Никаких «пожалуйста». Никаких смайликов. Просто факт: бутылка есть, и он устал. Антон перечитывает сообщение три раза, пытаясь понять, что именно его цепляет. Обычное приглашение. Коллеги так выпивают. Бандиты с ментами так не выпивают, но они с Ромой уже давно не те и не другие.
Дверь открывается не сразу. Минуту Антон стоит на лестничной клетке, слушая, как за дверью возятся, Рома негромко матерится. Голос глухой, приглушённый бетоном, но интонации знакомые, почти домашние. Наконец, замок щёлкает, и на пороге появляется хозяин: в старых тренировочных штанах и растянутой майке, босиком.
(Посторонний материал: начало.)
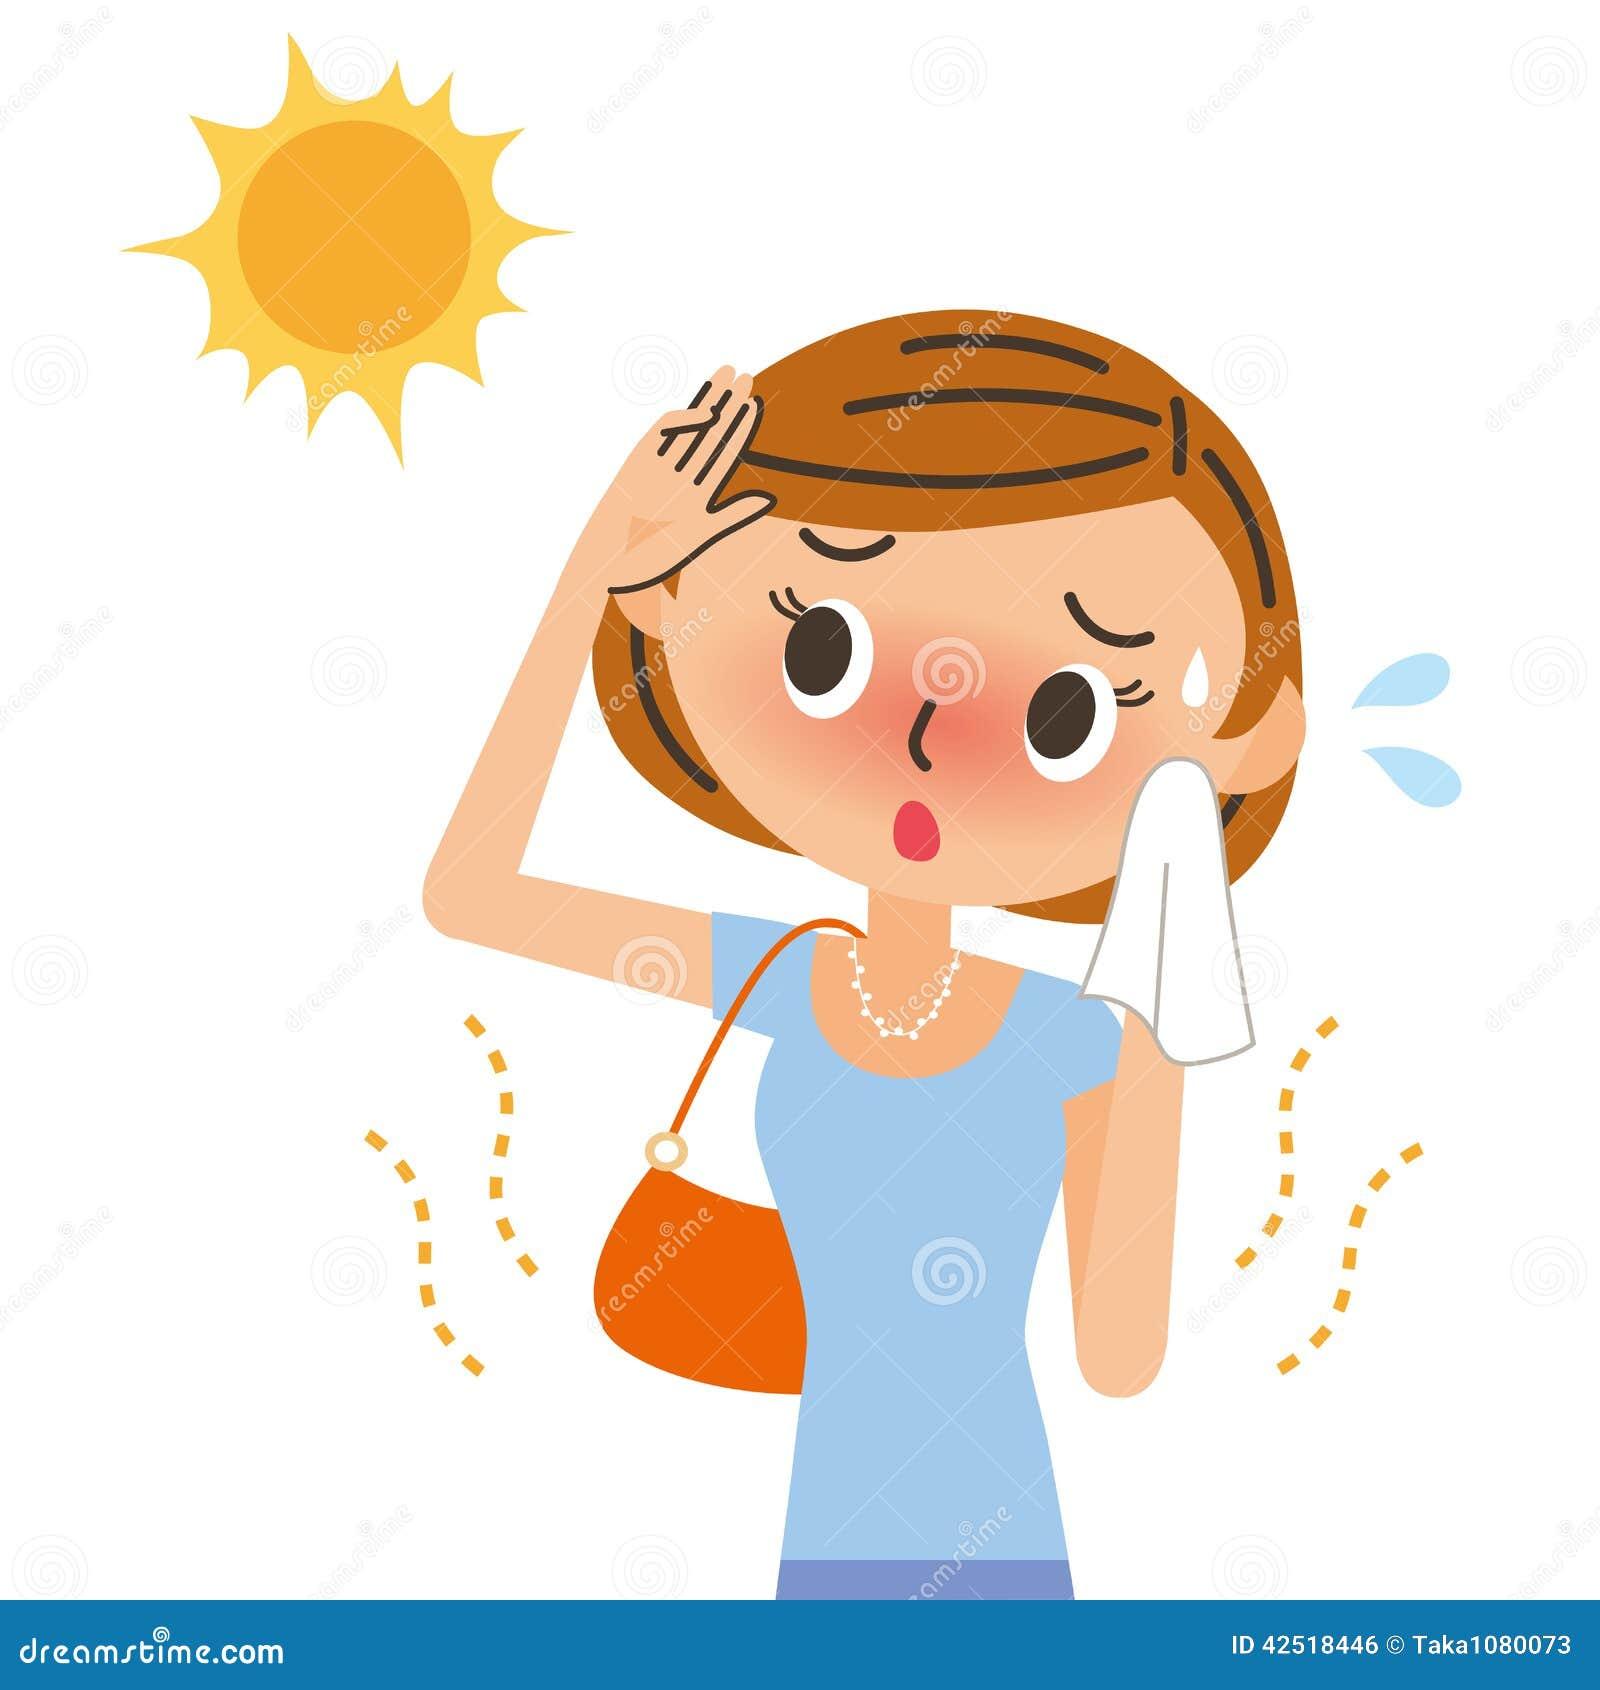 Illustration uv de coup de soleil pour des femmes illustration de vecteur illustration du - Bepanthen pour coup de soleil ...

От него пахнет дешёвым хозяйственным мылом, с резкой ноткой хвои и чем-то ещё, что Антон уже выучил как «запах Ромы». Едва уловимая сладость, от которой кружится голова.
— Проходи, — бросает он, отступая. — Я тут бардак навёл.
На кухне, на столе, покрытом клеёнкой с цветочками, стоят початая бутылка коньяка с жёлтой этикеткой, два стакана, блюдце с нарезанным лимоном и пачка дешёвого печенья. Лимон уже заветрился, края подсохли. Рома убирает со стула куртку, бросает на диван.
— Садись.
Антон садится. Коньяк он не любит, потому что он пахнет больничным спиртом и чем-то приторным, но Рома уже разливает. Стекло стакана в пальцах шершавое, с пузырьками внутри. Антон вертит его в руках, глядя, как янтарная жидкость смачивает стенки.
— За что пьём? — спрашивает Антон, чтобы сказать хоть что-то. Голос звучит глухо, будто из бочки.
— За то, что ты не стукач, — Рома поднимает стакан, чокается. Звон получается коротким, стеклянным, и Антон чувствует вибрацию в костяшках. — И за то, что я, блядь, устал.
Выпивают. Коньяк обжигает горло как наждак, растекается по пищеводу жаркой, неласковой волной. Антон закусывает лимоном, морщится: кислота ударяет в нёбо, смешиваясь с горечью спирта, и из глаз выступают слёзы — от химии. Рома смотрит на него, усмехается.
— Не умеешь пить, лейтенант.
— Не умею, — соглашается Антон. — В училище не учили.
Месяц назад эта отмазка почти сразу становится их общей шуткой. Антон как-то ляпнул, не подумав, и понеслось. С тех пор «в училище не учили» — их пароль. Антон первым начинает использовать фразу как оправдание любой своей бытовой неловкости: когда он впервые чистит картошку и срезает половинку вместе с кожурой, когда пытается забить гвоздь и гнёт его, когда наливает чай мимо чашки. Он говорит это «В училище не учили» с совершенно серьёзным лицом, и Рома, глядя на его перепачканные руки, фыркает: «Да уж, видно, что не учили».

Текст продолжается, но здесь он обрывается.